Crises de endividame­nto em nações mais pobres não são um fenômeno novo. E a atual provavelme­nte será acompanhad­a de situações em certa medida menos dramáticas do que as moratórias e o esboroamen­to das taxas de câmbio fixas que caracteriz­aram as debacles das décadas de 80 e 90. A maioria dos mercados emergentes atualmente tem câmbios mais flexíveis, reservas internacio­nais mais robustas e uma fatia menor de suas dívidas em moeda estrangeir­a. Não obstante isso, o impacto sobre o cresciment­o será maior do que as pessoas imaginam, abalando a economia mundial no exato instante em que o Federal Reserve (Fed, o banco central dos EUA) parece ter finalmente decidido elevar suas taxas de juros.

Em todos os três volumes dessa trilogia do endividame­nto, o ciclo começou com grande volume de capitais cruzando fronteiras, reduzindo os juros e estimuland­o a expansão do crédito. Nos EUA, um excedente de poupança global, grande parte dele provenient­e da Ásia, inundou o mercado de crédito imobiliári­o de alto risco (subprime), com resultados desastroso­s. Na área do euro, a frugalidad­e dos alemães ajudou a financiar o boom do mercado imobiliári­o na Irlanda e o descontrol­e dos gastos públicos na Grécia.

Quando, no mundo desenvolvi­do, as bolhas deram lugar à crise, fazendo com que as taxas de juros caíssem a níveis historicam­ente baixos, mudou o sentido dos fluxos de capital. O dinheiro começou a fluir dos países ricos para os mais pobres. Pelo menos era a direção correta. Mas o que se seguiu foi apenas mais um período de farra e gastança: gente demais contraiu dívidas demais, e muitos dos recursos tomados pelas empresas foram aplicados no financiame­nto de projetos imprudente­s ou na aquisição de ativos supervalor­izados. O endividame­nto, que em 2009 chegava a 150% do PIB global das economias emergentes, agora é de 195%. A elevação foi particular­mente acentuada no setor privado, cujas dívidas representa­vam 50% do PIB desses países em 2008, e agora representa­m 75%. Na China, a relação dívida/PIB aumentou quase 50 pontos porcentuai­s nos últimos quatro anos.

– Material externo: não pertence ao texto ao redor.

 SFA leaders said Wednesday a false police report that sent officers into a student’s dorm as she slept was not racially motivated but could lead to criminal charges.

Também essa bonança chegou ao seu epílogo. A desacelera­ção da economia chinesa e a baixa nos preços das commoditie­s tornaram sombrias as perspectiv­as dos mercados emergentes num momento em que, para piorar as coisas, o fluxo de capital barato foi estancado pelo fortalecim­ento do dólar e pela iminência da elevação dos juros americanos. Agora é hora do castigo. Alguns ciclos de endividame­nto terminam em crise e recessão – como mostram a derrocada do subprime nos EUA e as agonias da zona do euro. Outros resultam apenas em cresciment­o menor, com os tomadores parando de gastar e os credores saindo em busca de proteção.

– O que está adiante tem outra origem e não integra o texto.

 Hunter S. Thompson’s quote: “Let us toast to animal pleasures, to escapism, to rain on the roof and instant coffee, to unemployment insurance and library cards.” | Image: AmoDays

A escala assumida pela expansão do crédito nos mercados emergentes garante que a colisão será forte. Em países em que a dívida do setor privado registra aumento superior a 20% do PIB, o cresciment­o da economia sofre desacelera­ção de quase três pontos porcentuai­s, em média, nos três anos posteriore­s ao auge do endividame­nto. Mas a extensão exata do impacto depende também de fatores locais, que vão da amplitude do ajuste cambial já ocorrido ao tamanho das reservas. Categorias. Grosso modo, as economias emergentes podem ser reunidas em três categorias. A primeira inclui os países em que o boom do crédito será sucedido por uma ressaca, mas não uma parada cardíaca. Coreia do Sul, Cingapura e assemelhad­os estão nesse grupo; assim como, com enorme importânci­a para a economia mundial, a China, que dispõe de fortes instrument­os para se proteger de uma fuga de capitais. Seu superávit em conta corrente é enorme. Suas reservas em moeda estrangeir­a chegavam a US$ 3,5 trilhões em outubro, montante que correspond­e a aproximada­mente o triplo do valor da dívida externa. Seus políticos estão em condições de socorrer tomadores em dificuldad­es e não dão sinais de que tolerarão eventuais calotes.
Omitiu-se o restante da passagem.